Start of MATERIAL PROVIDED

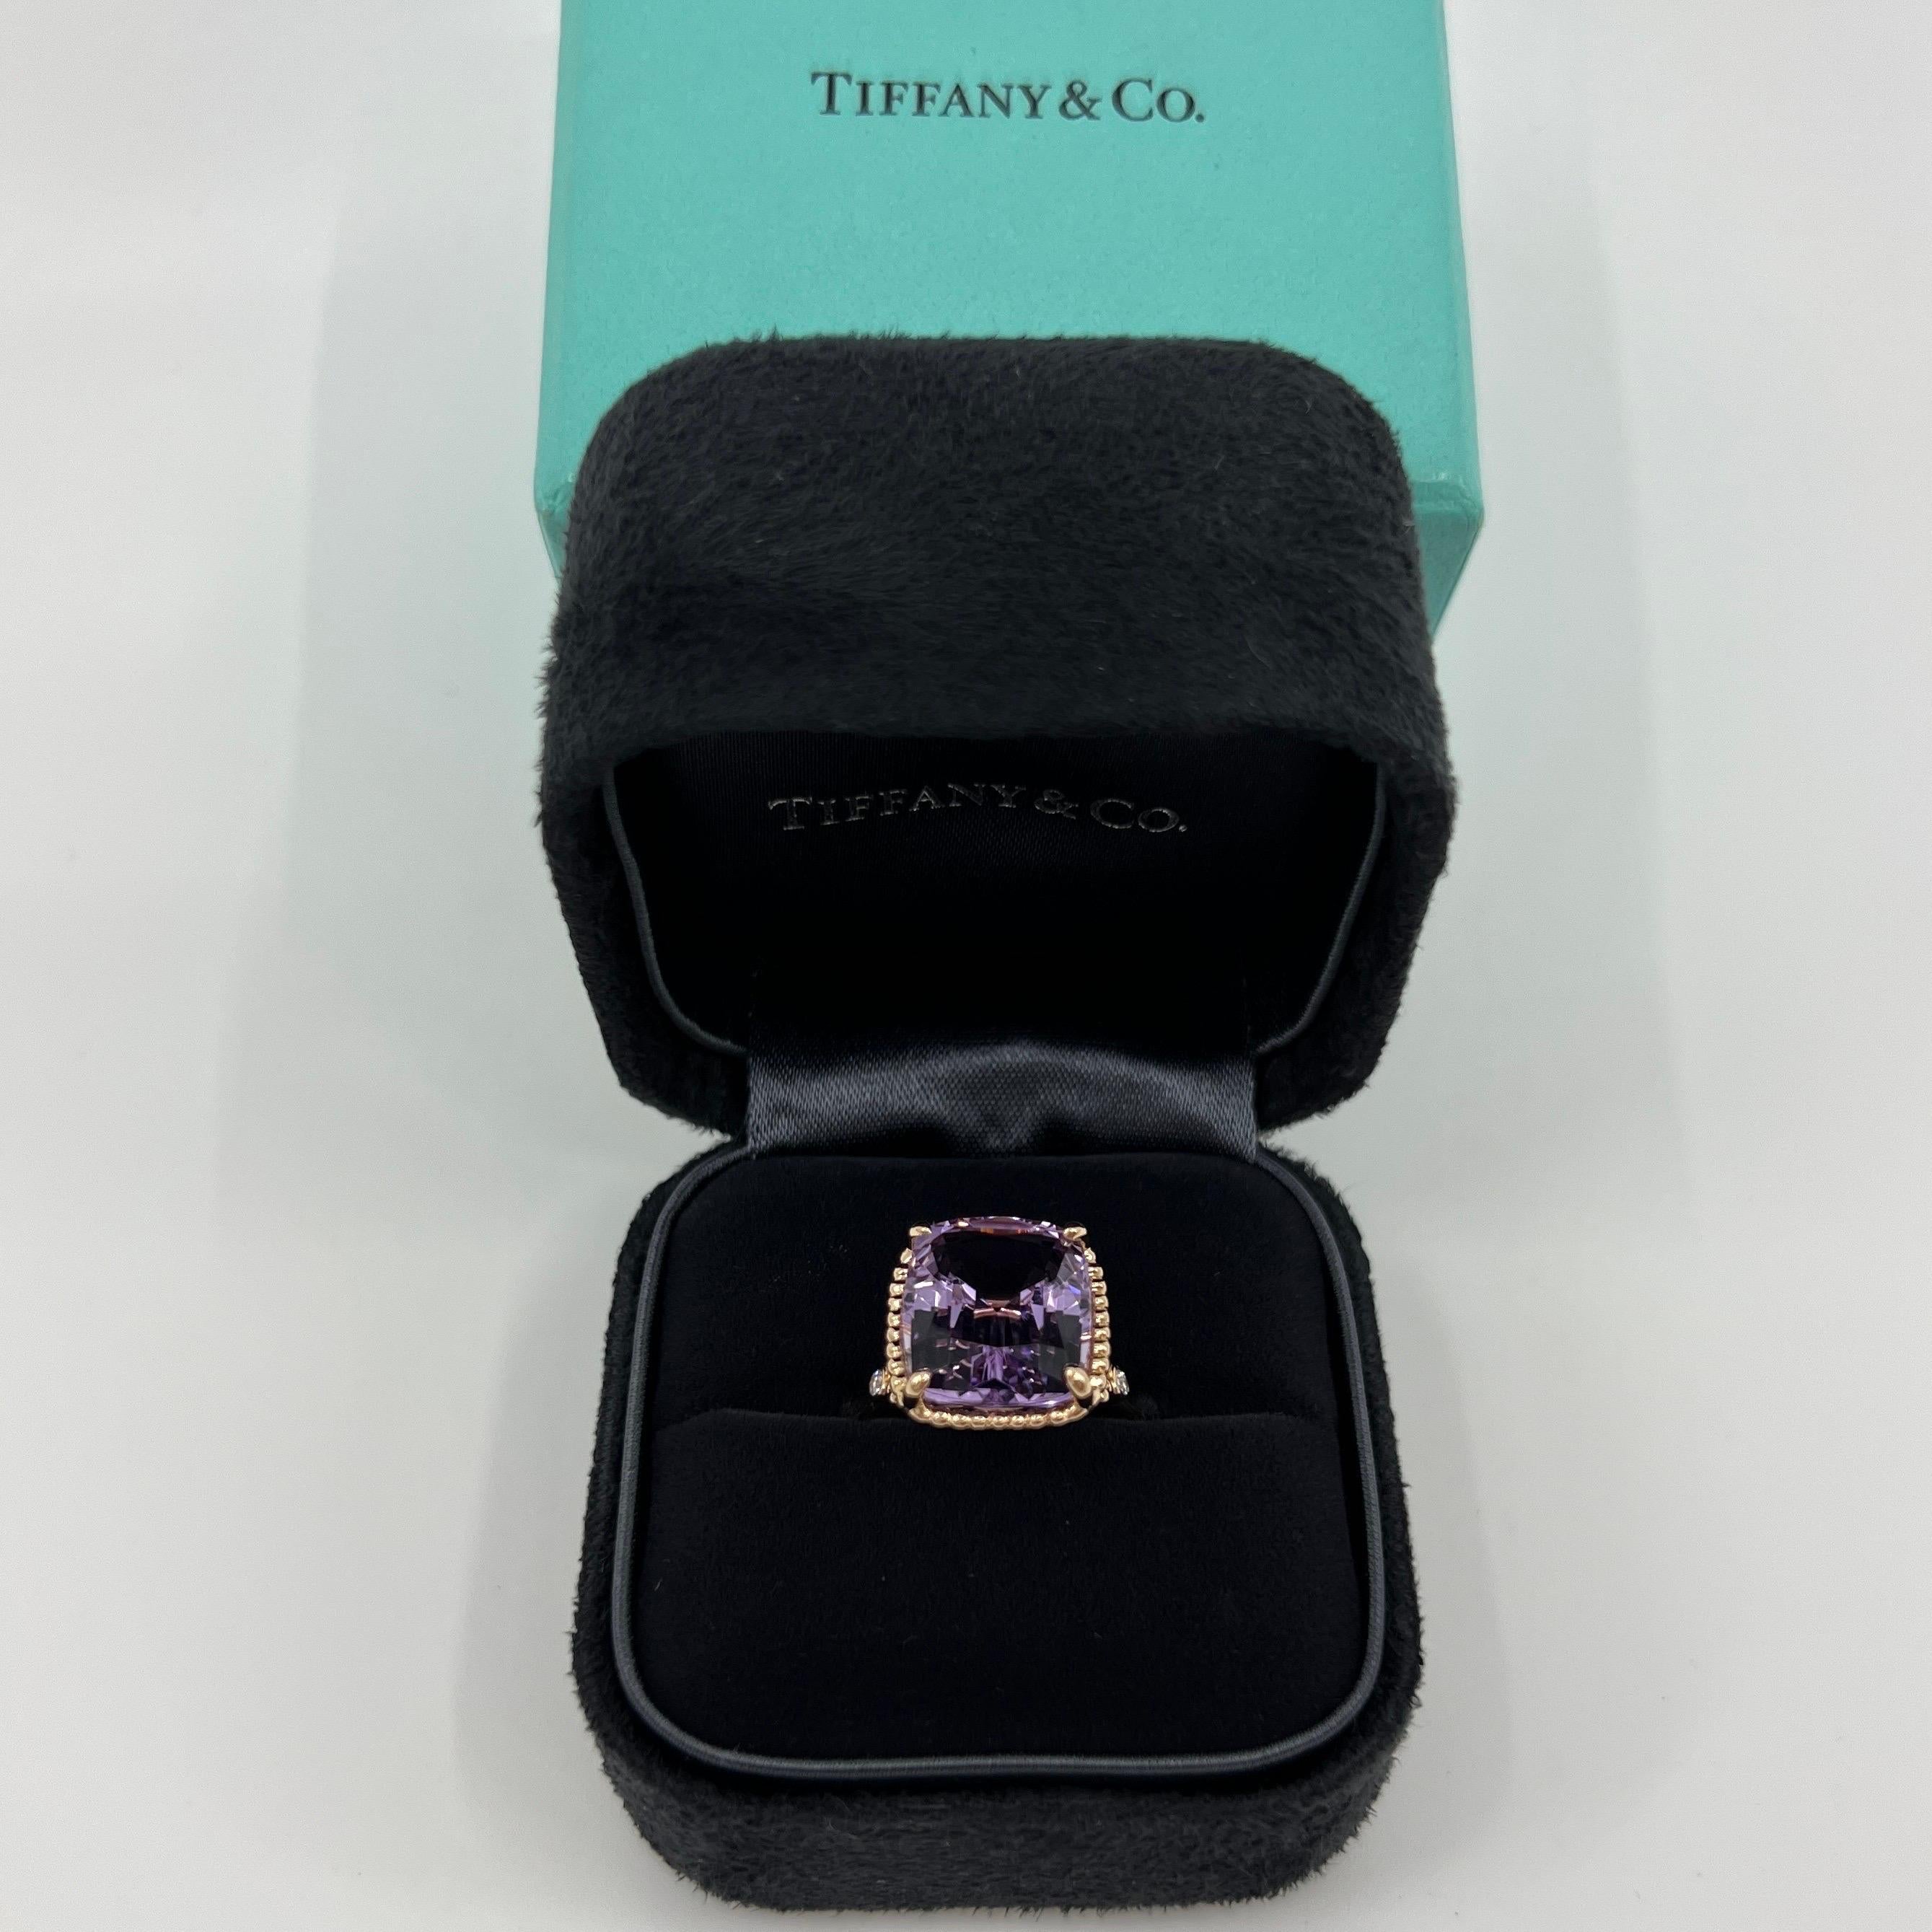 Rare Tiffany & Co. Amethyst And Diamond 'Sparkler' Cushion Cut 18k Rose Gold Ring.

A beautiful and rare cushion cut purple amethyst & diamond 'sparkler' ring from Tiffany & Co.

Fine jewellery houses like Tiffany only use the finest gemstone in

End of MATERIAL PROVIDED

TASK REQUIREMENTS » All lines from the one containing "A beautiful and" down to the final line above are to be restated word for word; leave out the rest.

SOLUTION FOR THIS EXERCISE »
A beautiful and rare cushion cut purple amethyst & diamond 'sparkler' ring from Tiffany & Co.

Fine jewellery houses like Tiffany only use the finest gemstone in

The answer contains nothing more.